February 23, 2016 | by Compete Network
Community Hero: Eric Ryan – An Athlete’s Athlete

While there’s a slight chance you might not immediately recognize the name Eric Ryan, it’s a sure bet that you’ve heard of the Sin City Shootout (SCS) that is held in Las Vegas over the Martin Luther King Jr. holiday. Over the last nine years it’s worked its way up to its current claim that it’s the “largest annual LGBT sporting event in the world.” What makes this annual weekend tournament different? It’s the only major sporting event that has been designed with the athletes in mind. And the man behind this new take on a sports festival is none other than Eric Ryan, an athlete’s athlete.

An out firefighter who describes himself as an “alpha male,” Ryan is a serious softball player with GLASA, the Greater Los Angeles Softball Association. Having been to many tournaments as a softball player over the years, Ryan said he always enjoyed the competition but the arrangements often left a lot to be desired. So as he thought about the perfect location, Las Vegas seemed to check all the boxes.

“I dreamed of a weekend sporting event that could be held in a location that offered lots of hotel rooms at a reasonable price, a destination with regular and reasonable travel, quality fields and other venues where people in multiple sports could compete, and lots of places to socialize after a day of hard play.”

Host for this sports extravaganza is, as always, the GLASA. Ryan is now the assistant commissioner of GLASA, but in 2007 as a GLASA member, he approached the then assistant commissioner with his vision, proposing that the organization take on all the exposure and liability of the mega-event.
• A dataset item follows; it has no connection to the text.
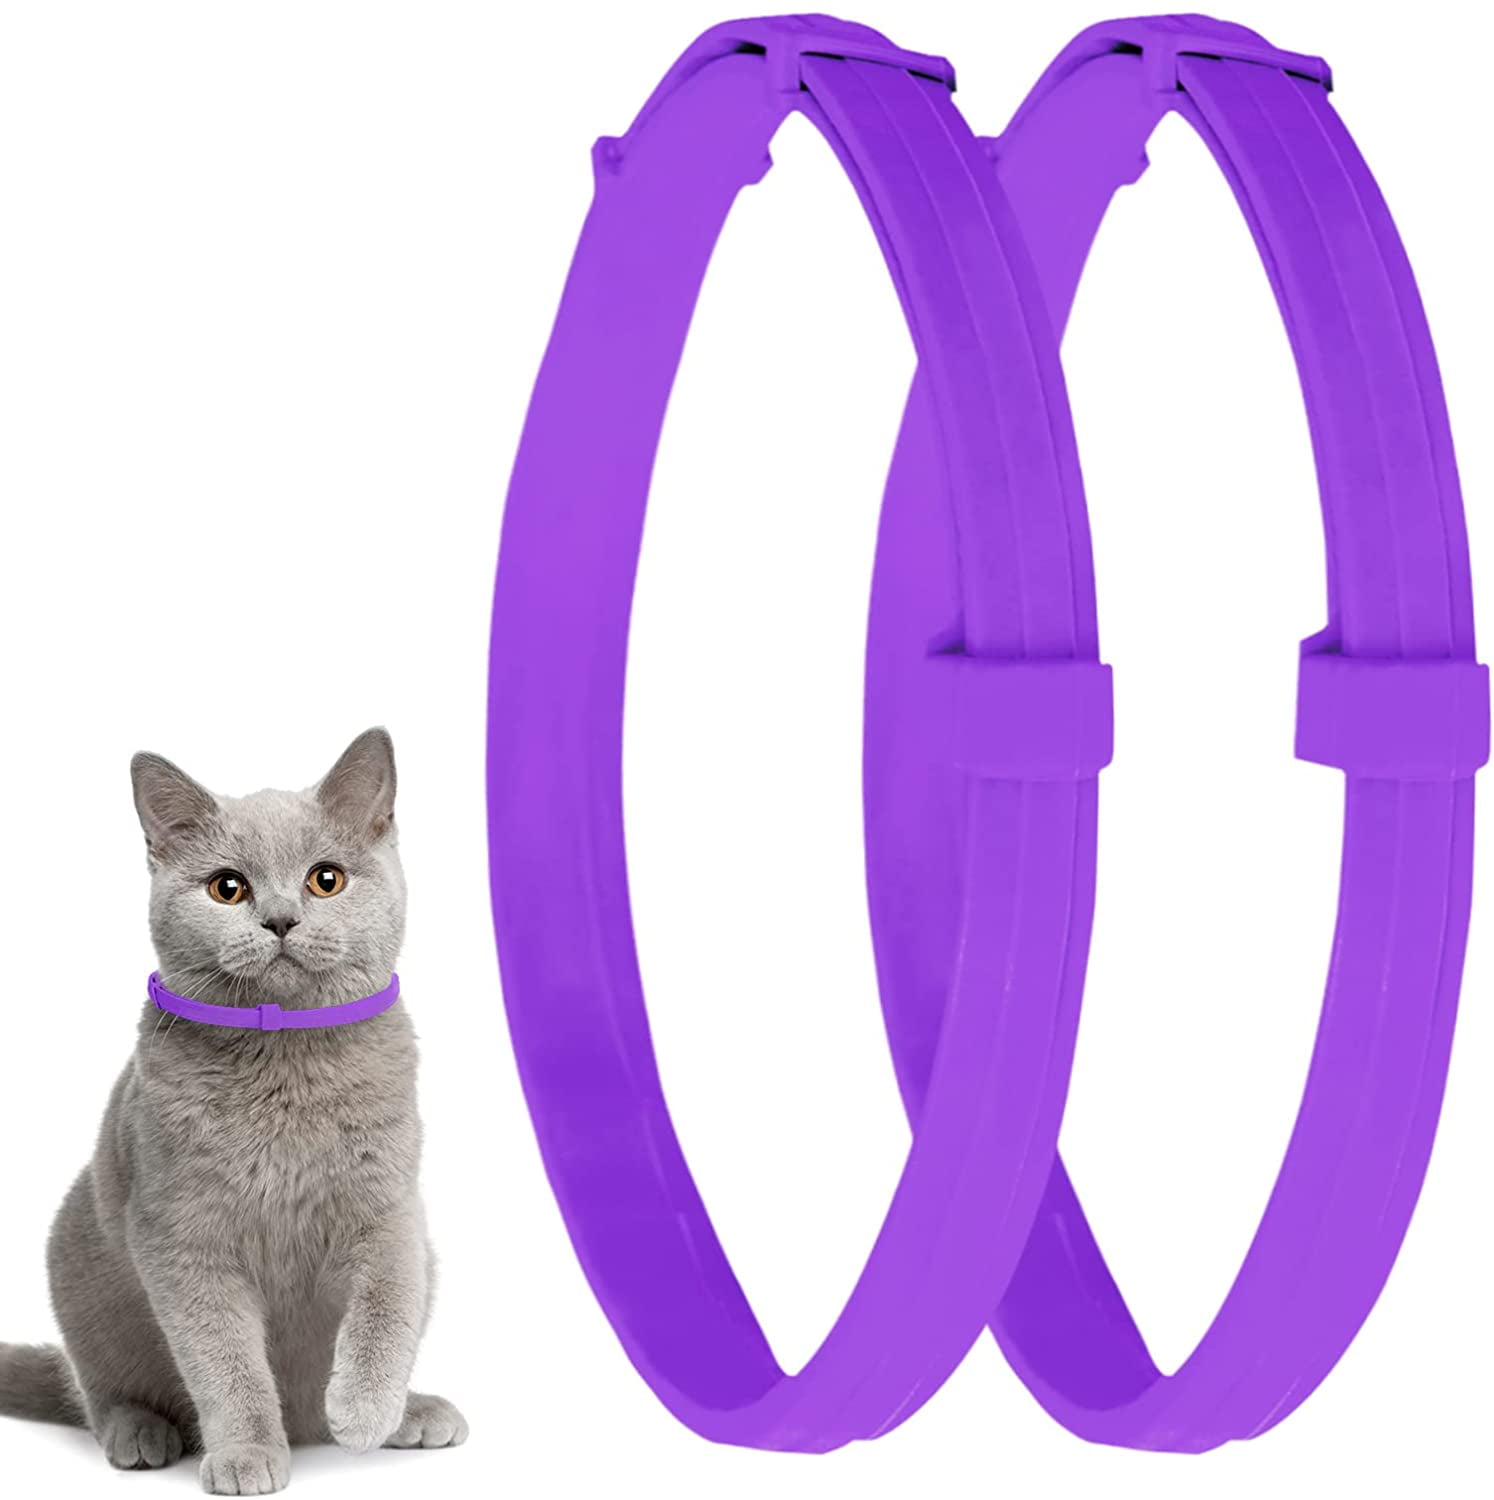 Misona Cat Collar for 8-Month Validity Period Adjustable Collars for Cat Kitten Collar Fits All Cats Pet Supplies

If the organization would agree to his proposal, then he could use its large buying power to get the best venues and prices on everything from room rates to travel.

In 2008 Ryan’s dream became a reality with 40 softball teams competing, a figure that grew to 70 teams in year two. It wasn’t perfect at the start. “I made lots of mistakes,” Ryan says of his first year. “I didn’t even think of concessions and bathrooms.” But he spoke with team managers and asked for their feedback, and they said they loved it. The big draw for them was Las Vegas. By 2010 basketball was added to the tournament and in 2011 it expanded to five sports.
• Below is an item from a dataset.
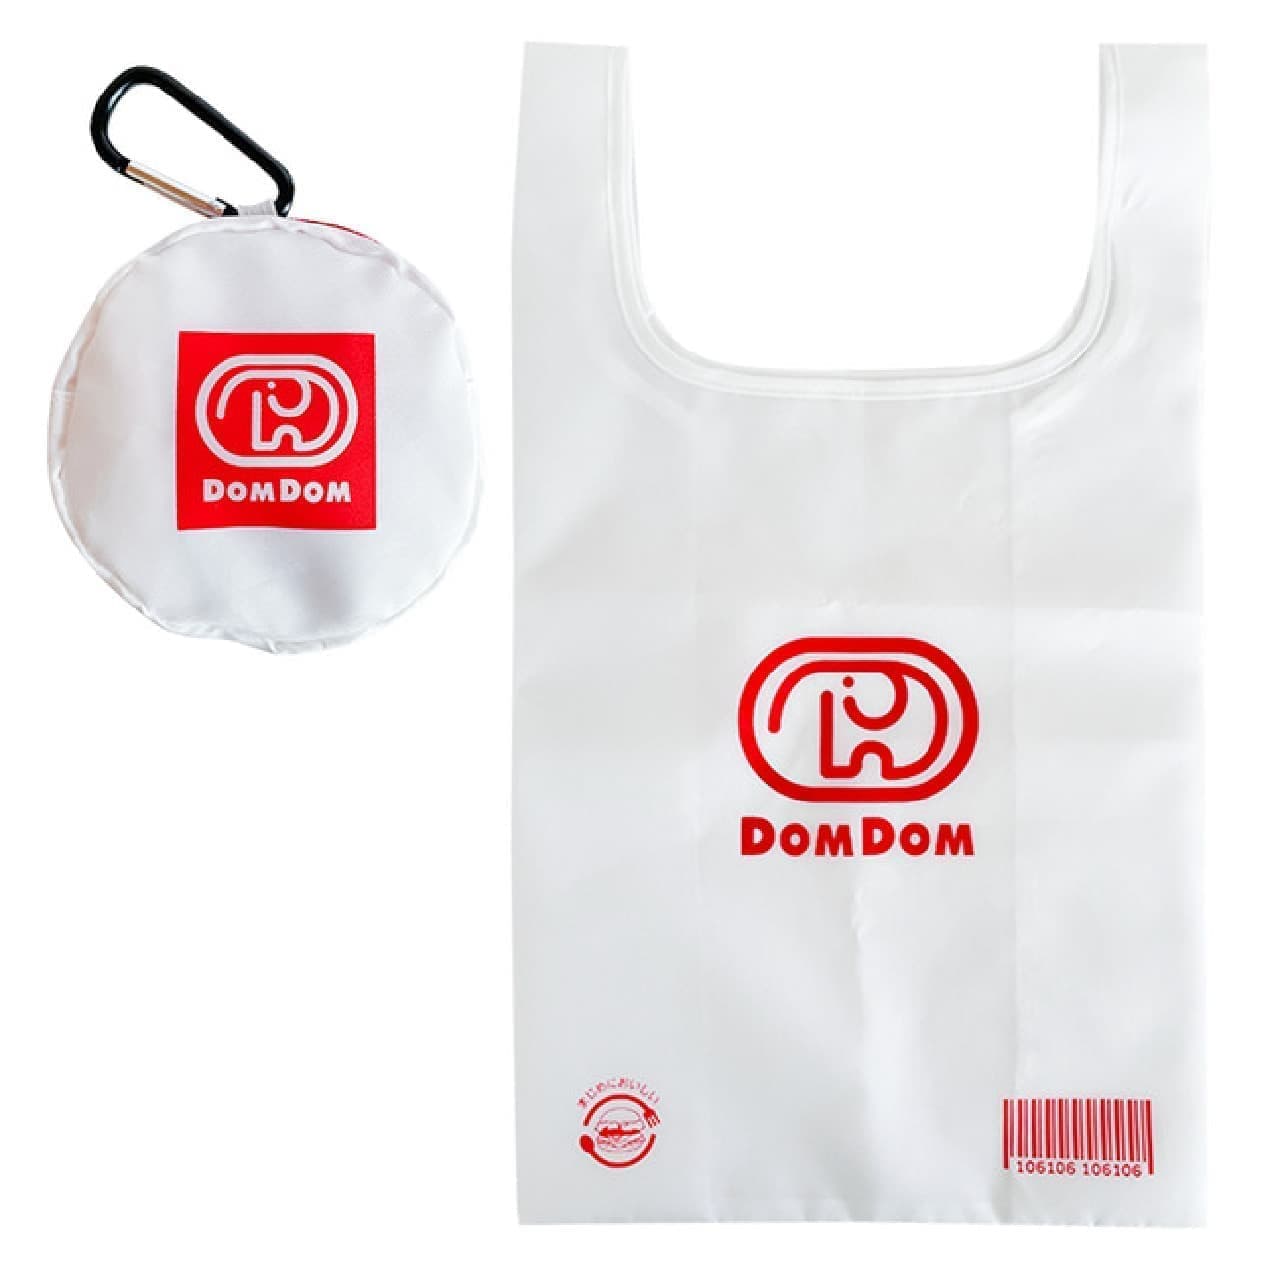 Five kinds of cute "Domdomdom Goods" featuring Domuso-kun at post offices, including a pouch with ears and a plastic bag-like eco-bag

One of the best things about this annual extended weekend tournament is the variety of sports involved – there’s something for everyone who wants to participate. It’s certainly filled with the expected, like softball, basketball, football. But it always embraces less mainstream and sometimes less strenuous sports, like darts, frisbee and contract bridge. This year boasted 23 different sports involved.

While the total attendance this year was estimated to reach 8,500 players, officials, family and friends, the actual attendance exceeded the estimate, coming in at 8, 671. And for Ryan, who claims he’s not a micromanager but is a self-confessed detail-oriented tournament director, this means the tournament requires his full focus.

So while he still plays softball with his GLASA team, he doesn’t have time anymore to play at this tournament. He said that early in the tournament’s history, “I was on second base checking my phone in-between pitches. I realized that I had too many responsibilities to all the athletes to make this a great event to continue playing with my team during the Sin City Shootout.”

Ryan is always looking to add more sports that meet his required due diligence – meaning that they need to be legitimate and well-organized since each sport is responsible for setting up its own competition within the larger framework of SCS. So don’t be surprised at what you find on the list of sports for SCS’ tenth anniversary – it could be anything from stockcar racing to underwater sneaker retrieving.

As Eric Ryan’s tournament idea continues to spread further into the community of gay and ally athletes, his reputation as a community hero will only continue to grow because he created a tournament based on the athletes’ needs and concerns.